§ **Task objective**:
Skip the pictures. Retype exactly, and only, the lines between the line holding "Kappa Rouge Chaussettes" and the last line below, inclusive.

(Provided data Opens)

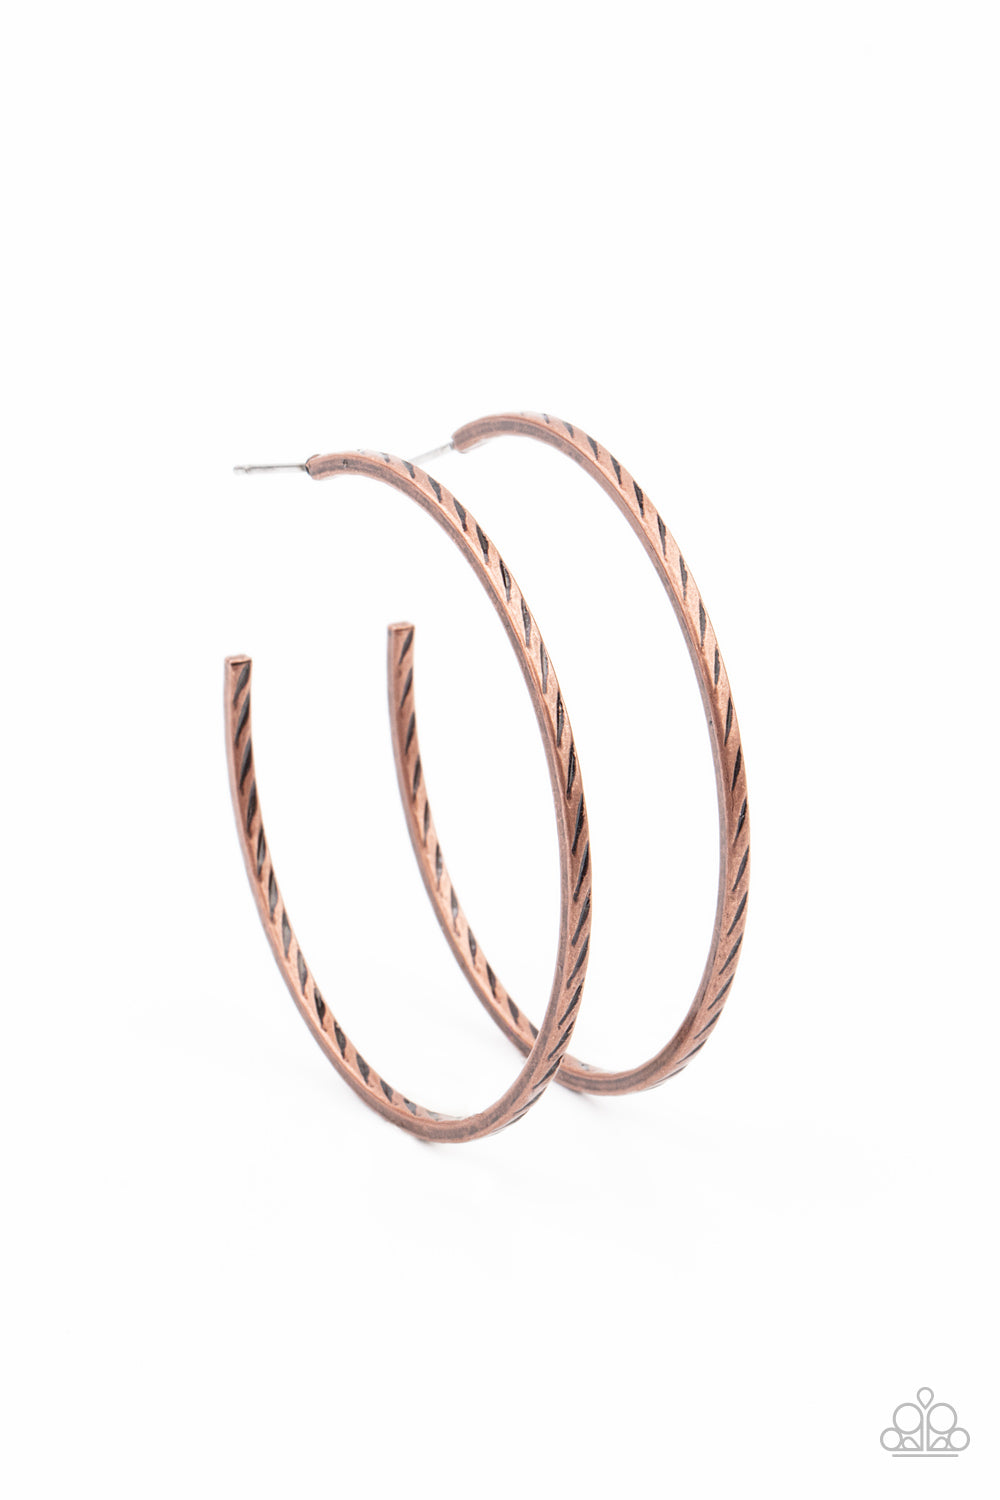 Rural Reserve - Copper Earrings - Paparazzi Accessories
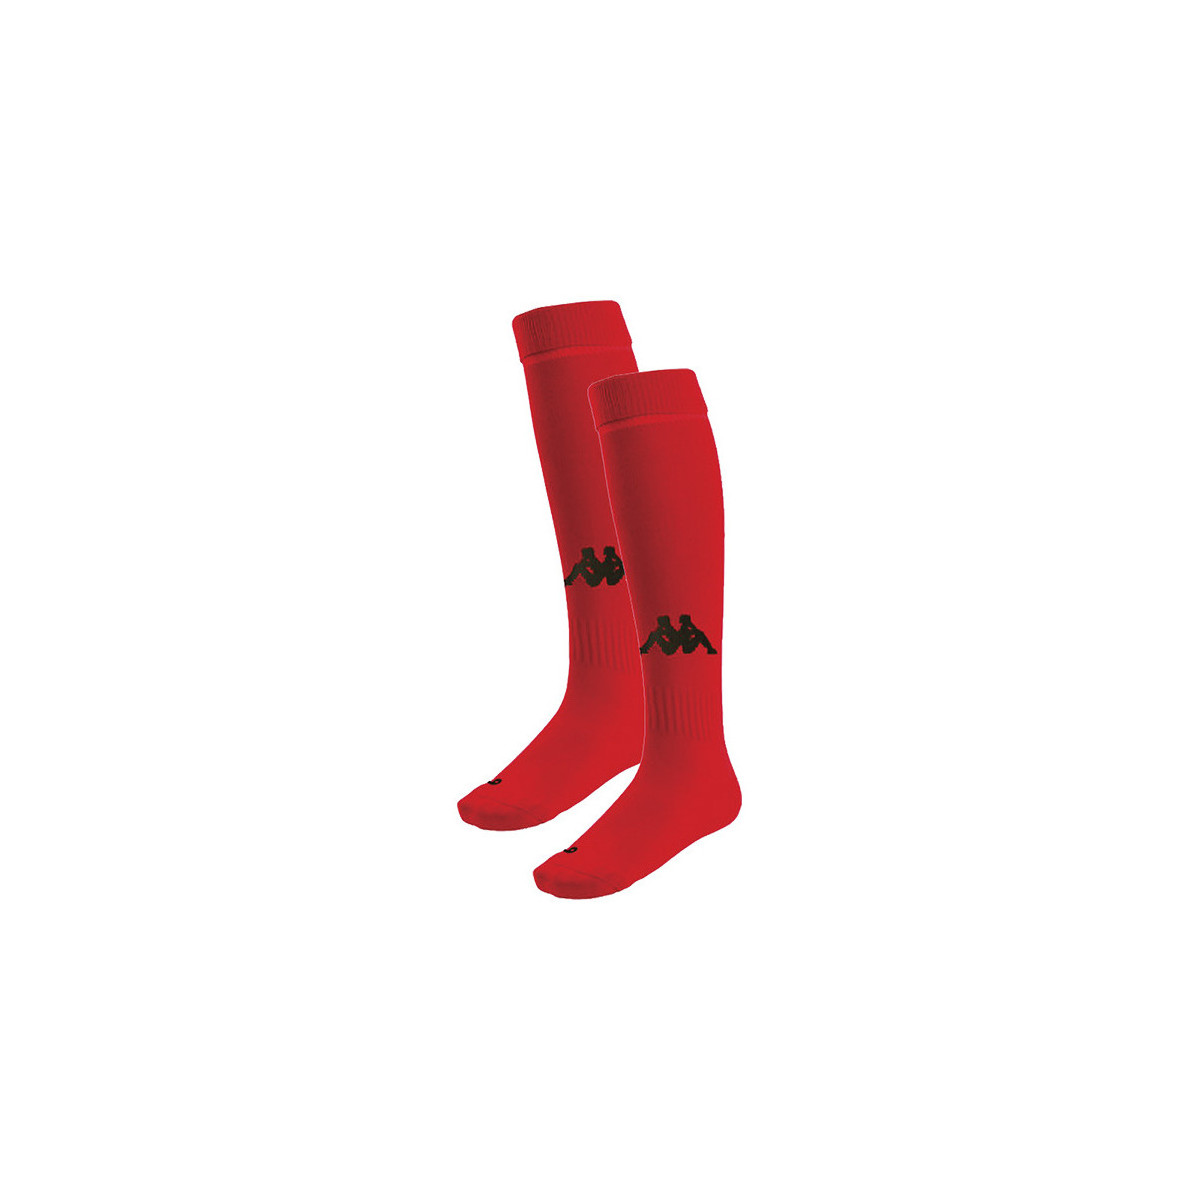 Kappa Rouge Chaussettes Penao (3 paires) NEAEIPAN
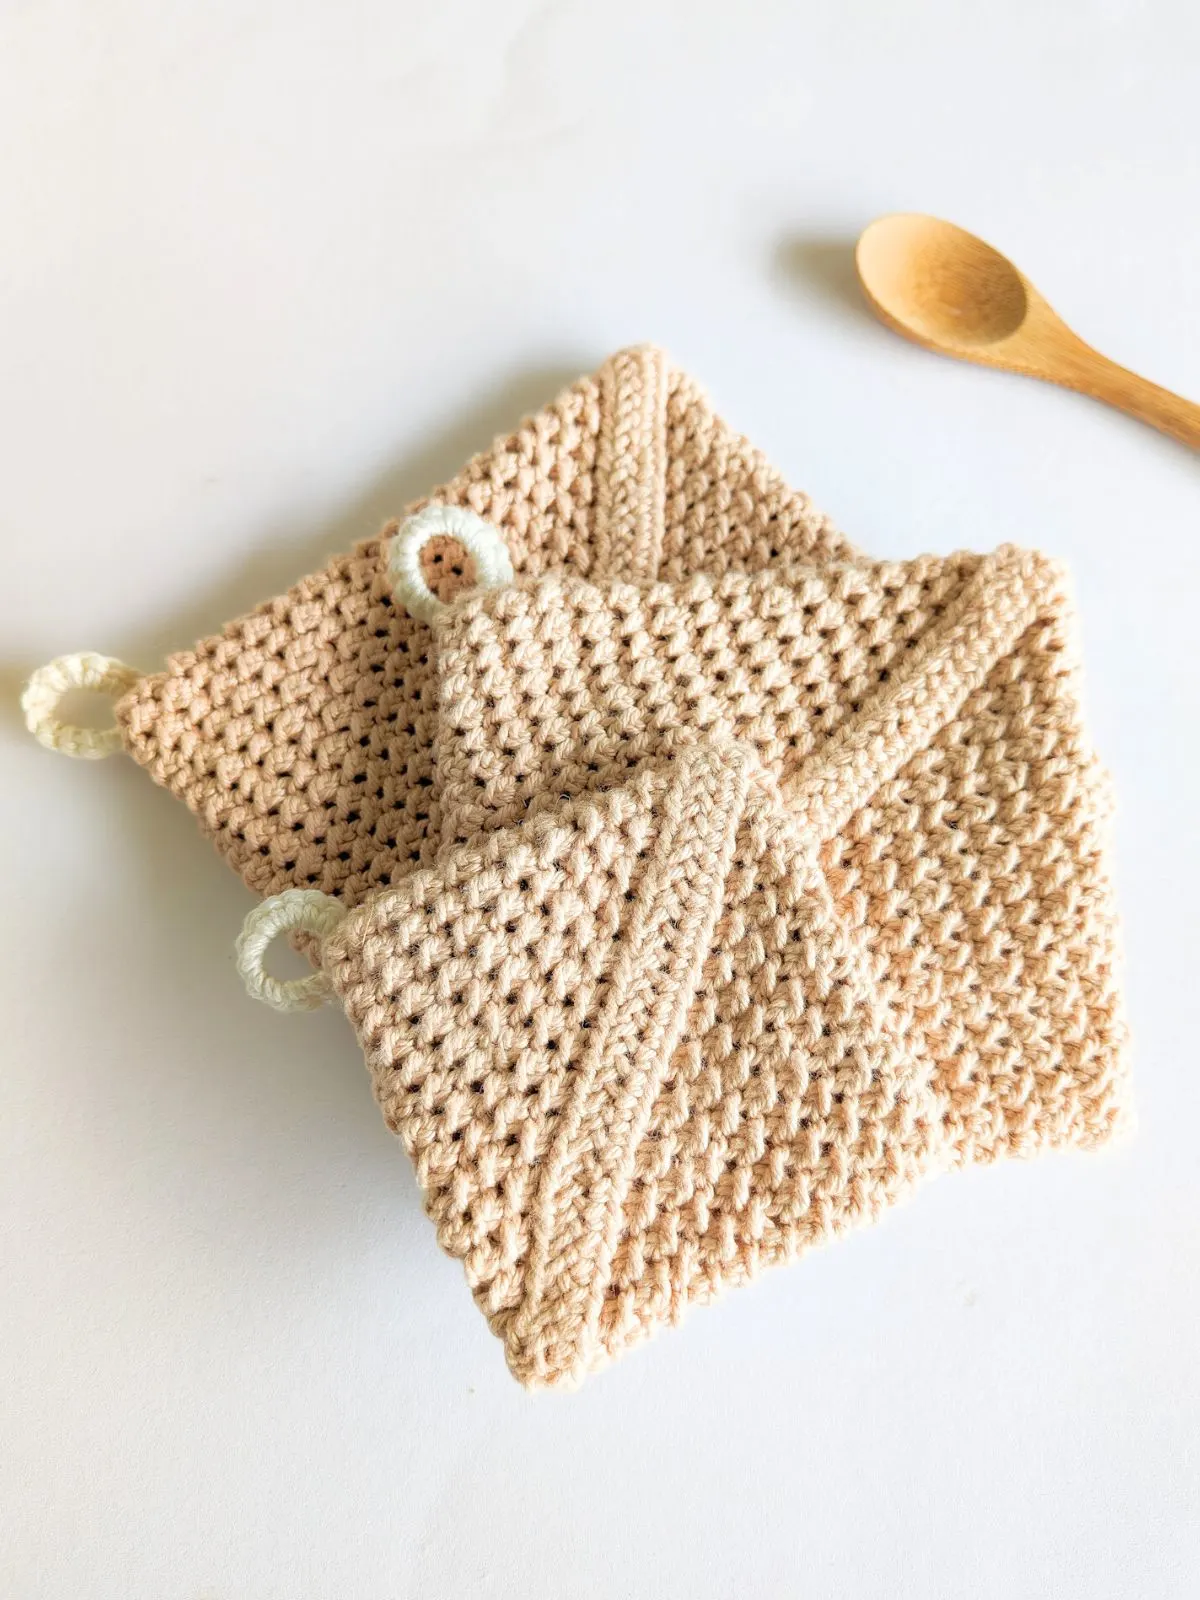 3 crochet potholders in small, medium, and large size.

(Provided data Closes)

§ **Solution for this problem**:
 Kappa Rouge Chaussettes Penao (3 paires) NEAEIPAN
 3 crochet potholders in small, medium, and large size.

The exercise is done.